The answer must consist of each line below that contains the word "Long", copied in full.

Data items
Start of Block

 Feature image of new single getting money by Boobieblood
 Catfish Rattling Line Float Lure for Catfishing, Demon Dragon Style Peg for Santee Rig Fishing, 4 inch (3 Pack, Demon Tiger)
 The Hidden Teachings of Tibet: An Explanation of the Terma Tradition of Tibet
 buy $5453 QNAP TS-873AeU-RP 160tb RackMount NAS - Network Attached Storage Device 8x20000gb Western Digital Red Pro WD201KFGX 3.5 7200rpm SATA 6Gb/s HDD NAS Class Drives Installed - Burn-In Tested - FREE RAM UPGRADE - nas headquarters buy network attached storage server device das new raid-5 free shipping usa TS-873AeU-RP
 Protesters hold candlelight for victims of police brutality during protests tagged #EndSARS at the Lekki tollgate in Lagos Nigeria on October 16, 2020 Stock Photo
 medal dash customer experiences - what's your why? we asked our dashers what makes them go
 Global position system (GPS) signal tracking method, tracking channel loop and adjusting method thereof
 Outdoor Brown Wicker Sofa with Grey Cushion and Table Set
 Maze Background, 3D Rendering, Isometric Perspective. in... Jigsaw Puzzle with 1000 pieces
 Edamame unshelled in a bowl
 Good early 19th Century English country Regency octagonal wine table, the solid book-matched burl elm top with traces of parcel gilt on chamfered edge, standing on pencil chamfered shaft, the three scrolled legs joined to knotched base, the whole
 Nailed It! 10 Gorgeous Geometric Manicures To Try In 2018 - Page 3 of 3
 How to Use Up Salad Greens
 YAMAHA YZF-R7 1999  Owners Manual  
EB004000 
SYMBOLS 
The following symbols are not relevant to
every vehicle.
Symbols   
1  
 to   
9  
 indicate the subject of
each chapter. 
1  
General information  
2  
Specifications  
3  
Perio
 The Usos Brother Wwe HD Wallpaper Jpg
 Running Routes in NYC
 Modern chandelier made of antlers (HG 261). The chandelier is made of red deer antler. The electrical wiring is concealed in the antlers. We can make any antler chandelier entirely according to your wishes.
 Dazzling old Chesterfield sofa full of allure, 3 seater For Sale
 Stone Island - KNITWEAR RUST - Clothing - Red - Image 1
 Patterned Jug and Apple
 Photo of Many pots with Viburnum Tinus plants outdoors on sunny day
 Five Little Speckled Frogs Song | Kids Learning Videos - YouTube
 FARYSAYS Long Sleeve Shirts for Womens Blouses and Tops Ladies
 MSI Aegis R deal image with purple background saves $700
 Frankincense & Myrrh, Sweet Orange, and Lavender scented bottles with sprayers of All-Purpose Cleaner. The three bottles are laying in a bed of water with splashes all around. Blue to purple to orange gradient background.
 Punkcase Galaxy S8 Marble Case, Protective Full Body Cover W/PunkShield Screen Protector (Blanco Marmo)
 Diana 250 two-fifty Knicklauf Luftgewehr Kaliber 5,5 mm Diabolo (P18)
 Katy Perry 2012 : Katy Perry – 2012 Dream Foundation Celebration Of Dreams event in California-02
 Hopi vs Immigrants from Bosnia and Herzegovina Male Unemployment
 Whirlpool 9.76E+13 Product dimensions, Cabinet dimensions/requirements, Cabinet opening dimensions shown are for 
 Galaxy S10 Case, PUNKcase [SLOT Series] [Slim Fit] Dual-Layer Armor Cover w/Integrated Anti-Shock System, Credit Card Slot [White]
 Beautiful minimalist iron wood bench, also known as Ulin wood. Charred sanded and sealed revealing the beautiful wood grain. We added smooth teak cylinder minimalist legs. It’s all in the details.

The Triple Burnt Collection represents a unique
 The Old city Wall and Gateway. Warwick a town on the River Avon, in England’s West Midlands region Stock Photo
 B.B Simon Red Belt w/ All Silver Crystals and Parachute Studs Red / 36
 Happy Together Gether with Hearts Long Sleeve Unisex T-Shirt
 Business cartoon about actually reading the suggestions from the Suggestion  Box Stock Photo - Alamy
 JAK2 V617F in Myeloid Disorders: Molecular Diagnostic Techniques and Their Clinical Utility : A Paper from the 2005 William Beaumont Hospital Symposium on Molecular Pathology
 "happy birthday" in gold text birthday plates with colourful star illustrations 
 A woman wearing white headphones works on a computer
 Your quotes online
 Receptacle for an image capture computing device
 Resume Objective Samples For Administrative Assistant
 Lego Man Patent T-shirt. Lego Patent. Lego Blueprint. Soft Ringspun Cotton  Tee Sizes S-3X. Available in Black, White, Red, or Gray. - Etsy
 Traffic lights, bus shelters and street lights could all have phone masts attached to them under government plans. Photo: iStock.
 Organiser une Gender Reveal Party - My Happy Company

End of Block

• [ANSWER BOX]:
 FARYSAYS Long Sleeve Shirts for Womens Blouses and Tops Ladies
 Happy Together Gether with Hearts Long Sleeve Unisex T-Shirt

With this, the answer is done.